Wang Feng, Zheng Guohua, Li Hua
School of Economics and Management, Shanghai University of Sport, Shanghai, China.
School of Physical Education, Xiangnan University, Chenzhou, China.
Front Psychol. 2024 May 3;15:1383084. doi: 10.3389/fpsyg.2024.1383084. eCollection 2024.
This study examined the fourth quarters in the close games in the regular NBA games in the last decade, ranging from the 2013-14 season to the 2022-2023 season. A close game is categorically defined by a scenario where the point differential is confined within a 10-point margin at the onset of the fourth quarter and narrows further to a 5-point disparity by the end of the game. In total, 2,295 close games were identified in this study. Advanced game statistics, including offensive rate, defensive rate, assistance ratio, pace of game, and true shooting percentage, etc., are obtained from the NBA box scores using a python script. Understanding key factors that determine the outcome of the basketball games is critical, as such can be used to develop predictive models for coaches to design game strategies. This study developed a Bayesian Logistic Modeling approach to estimate the winning probability of a basketball team in the fourth quarter, using the pace of the last quarter and a team's shooting percentage. The accuracy of the model is used to evaluate if the model can correctly classify game outcome based on the identified game statistics in the fourth quarter of a game. The binary outcome of the close game is modeled as a Bernoulli distribution. Results reveal that the True Positive Rate and False Positive Rate is 0.93 and 0.07, respectively. Insights from this study can be used to help design coaching strategies in basketball games, illuminating potential tactical pivots that could tilt the game in their favor.
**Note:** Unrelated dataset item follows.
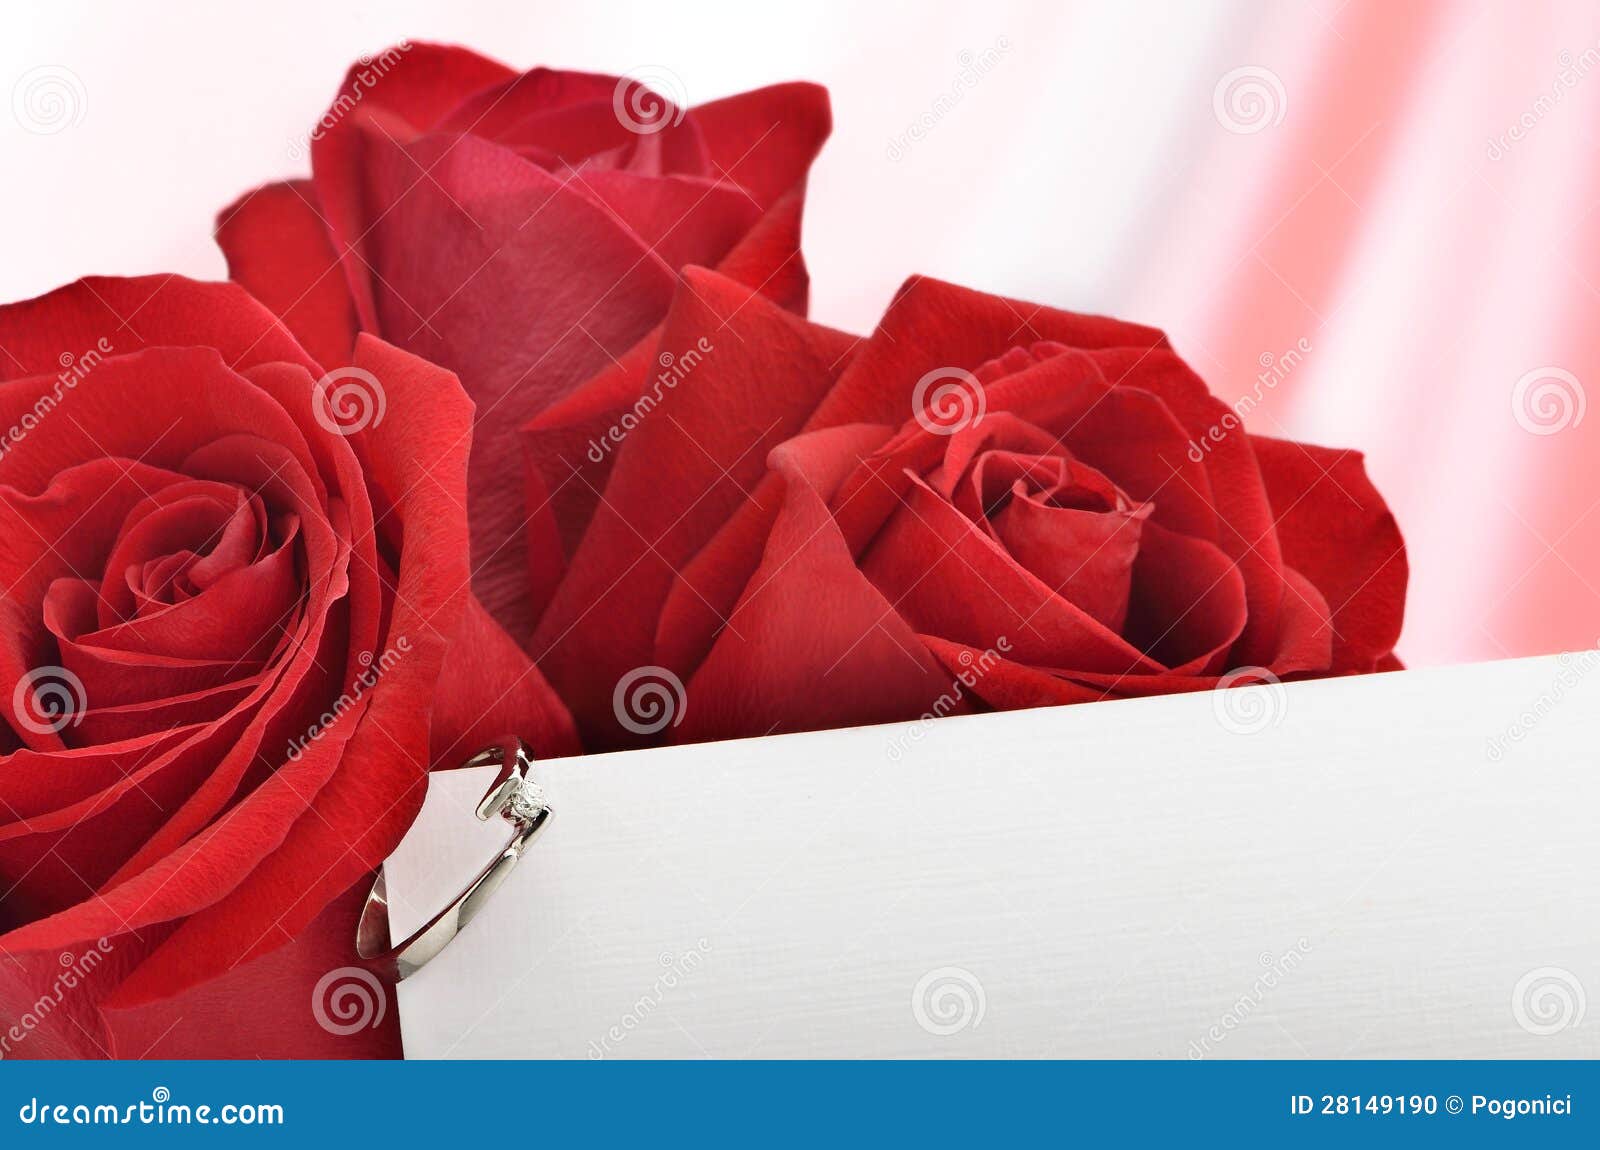 Be my Valentine! stock photo. Image of celebration, closeup - 28149190
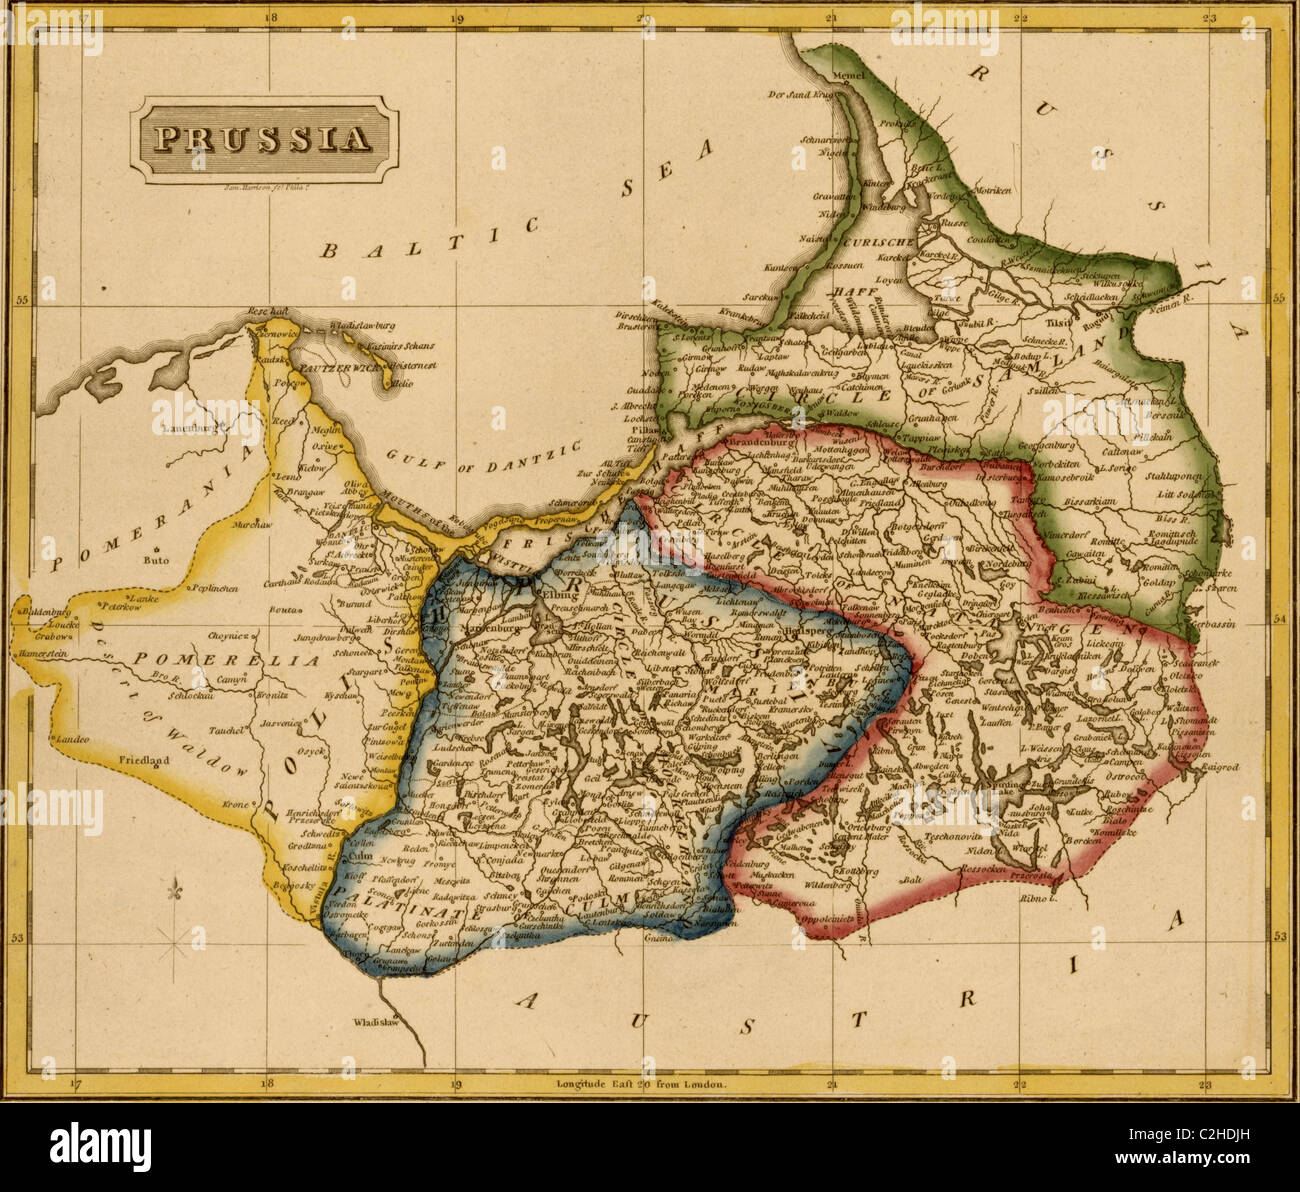 Prussia - 1817 Stock Photo

本研究考察了过去十年(从2013 - 14赛季到2022 - 23赛季)NBA常规赛胶着比赛中的第四节。胶着比赛明确界定为在第四节开始时分差在10分以内,且到比赛结束时进一步缩小至5分差距的情况。本研究共识别出2295场胶着比赛。使用Python脚本从NBA比赛数据统计中获取了包括进攻率、防守率、助攻率、比赛节奏和真实投篮命中率等高级比赛数据。了解决定篮球比赛胜负的关键因素至关重要,因为这些因素可用于开发预测模型,供教练设计比赛策略。本研究开发了一种贝叶斯逻辑建模方法,利用上一节的比赛节奏和球队投篮命中率来估计篮球队在第四节的获胜概率。该模型的准确性用于评估模型是否能根据比赛第四节确定的比赛数据正确分类比赛结果。胶着比赛的二元结果被建模为伯努利分布。结果显示,真阳性率和假阳性率分别为0.93和0.07。本研究的见解可用于帮助设计篮球比赛中的教练策略,揭示可能使比赛向其有利方向倾斜的潜在战术转折点。